▶ WORK ITEM
Using the listing below, copy exactly each line from the one that has "UBND huyện Cát" through the one that has "日本が誇る 美しき秋 金沢"; omit the pictures.

▶ EXCERPTED DATA
────────

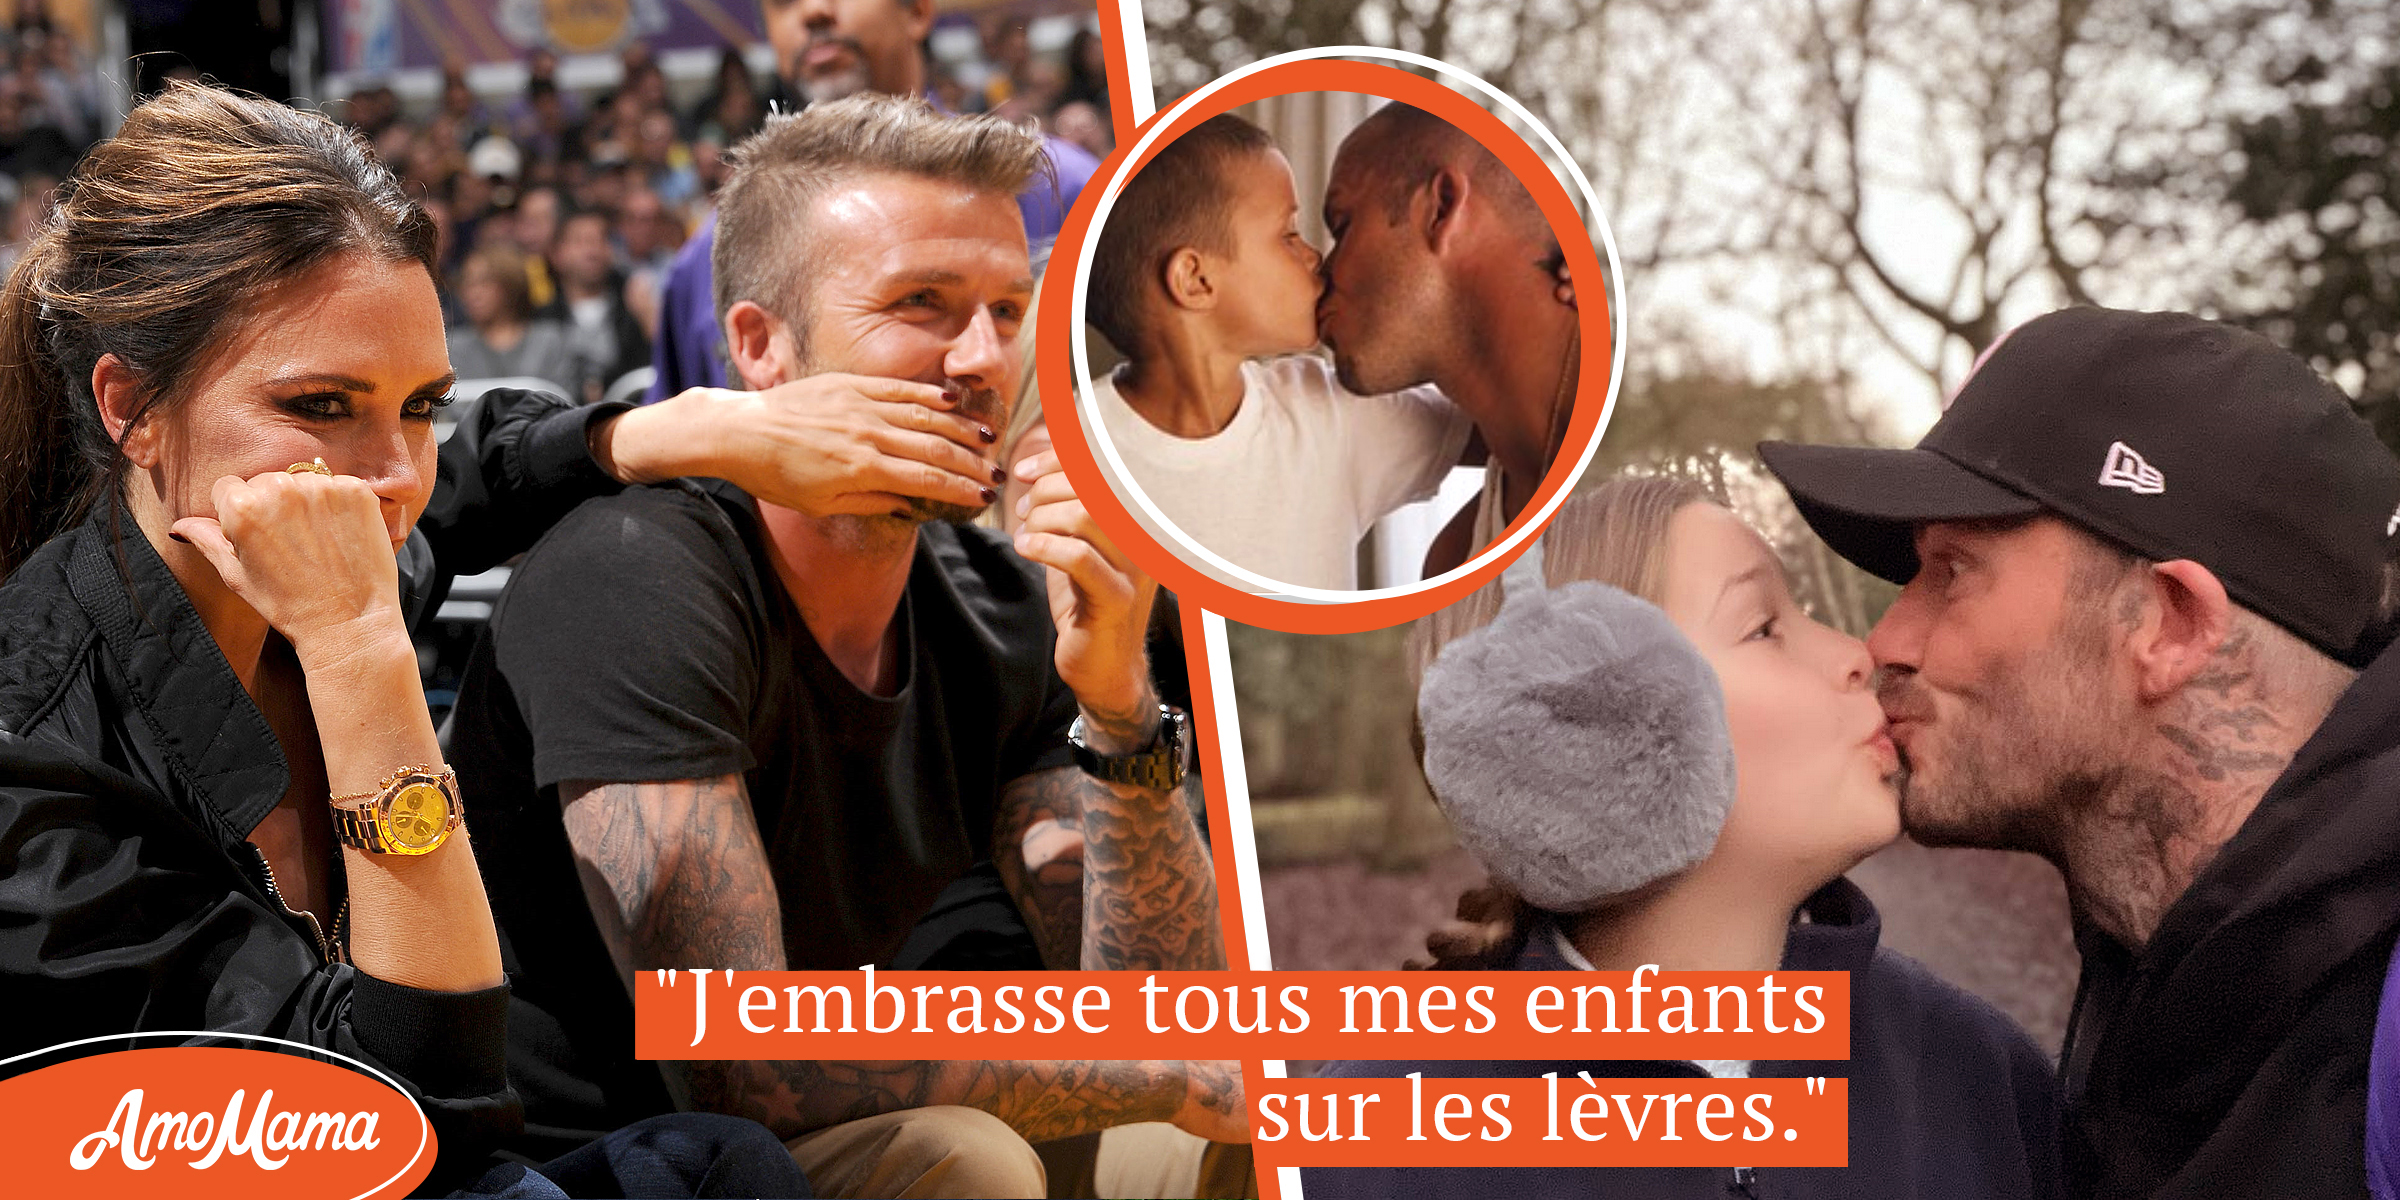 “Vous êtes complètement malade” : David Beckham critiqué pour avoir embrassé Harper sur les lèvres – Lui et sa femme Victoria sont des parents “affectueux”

────────

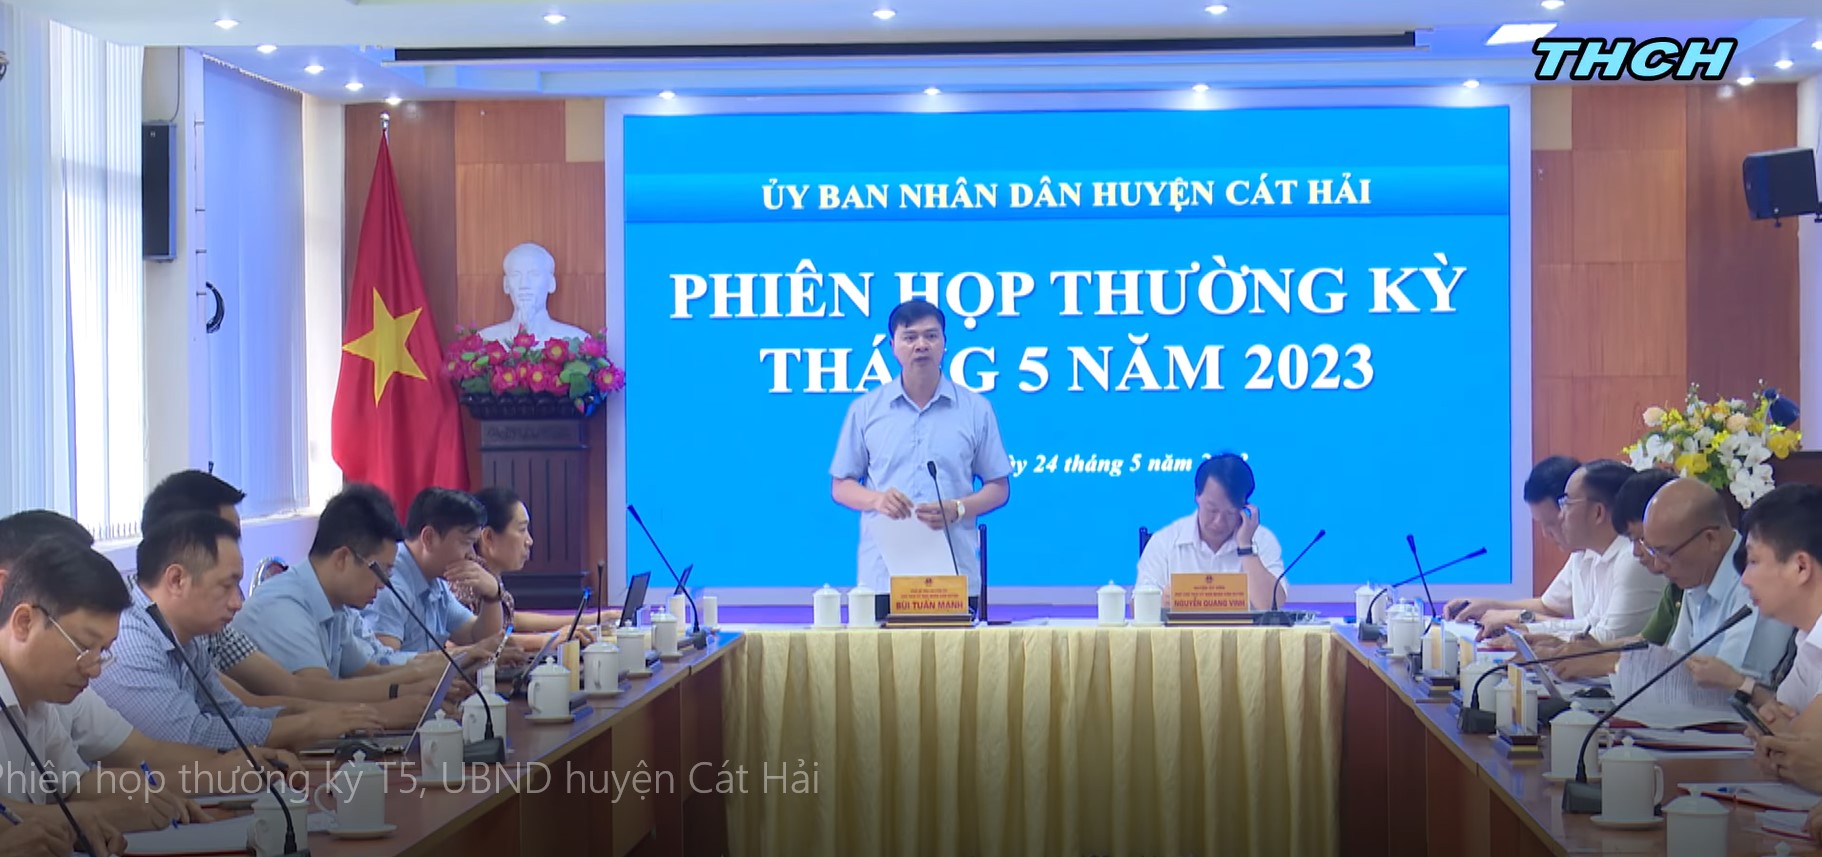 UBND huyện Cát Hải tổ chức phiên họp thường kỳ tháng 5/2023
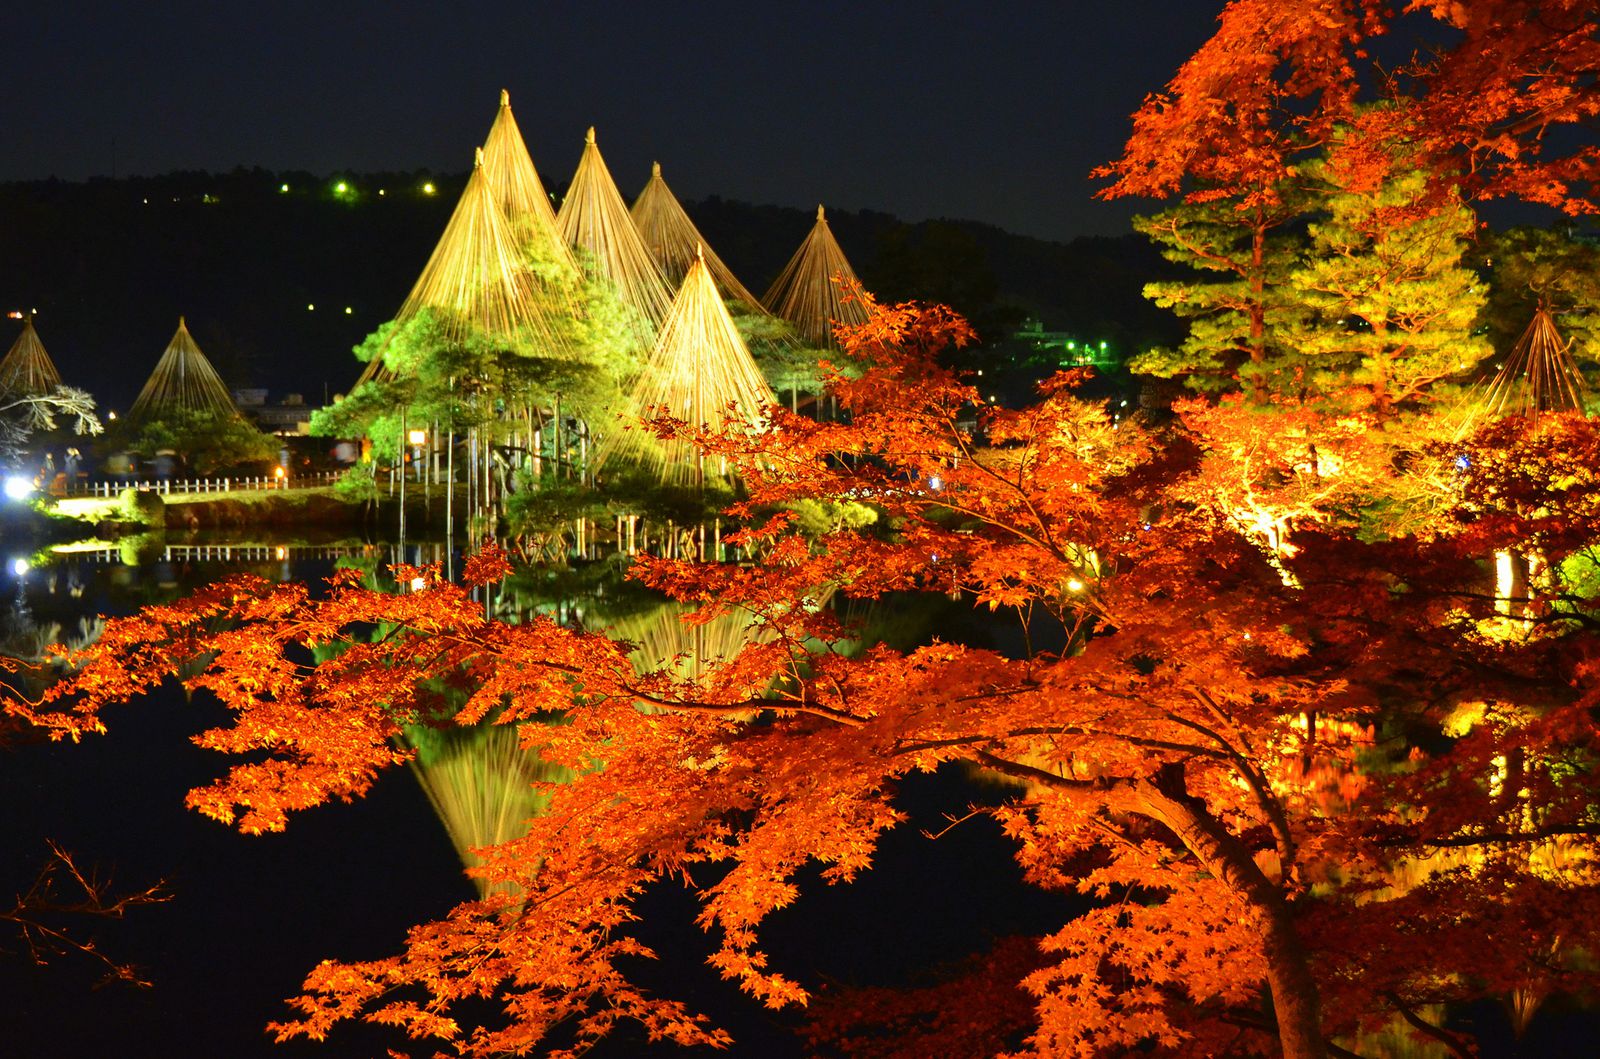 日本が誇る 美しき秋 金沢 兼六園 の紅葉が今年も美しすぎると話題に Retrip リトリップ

────────

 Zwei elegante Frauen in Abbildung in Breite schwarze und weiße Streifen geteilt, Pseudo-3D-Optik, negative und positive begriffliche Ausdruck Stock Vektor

────────

▶ EXERCISE OUTPUT
 UBND huyện Cát Hải tổ chức phiên họp thường kỳ tháng 5/2023
 日本が誇る 美しき秋 金沢 兼六園 の紅葉が今年も美しすぎると話題に Retrip リトリップ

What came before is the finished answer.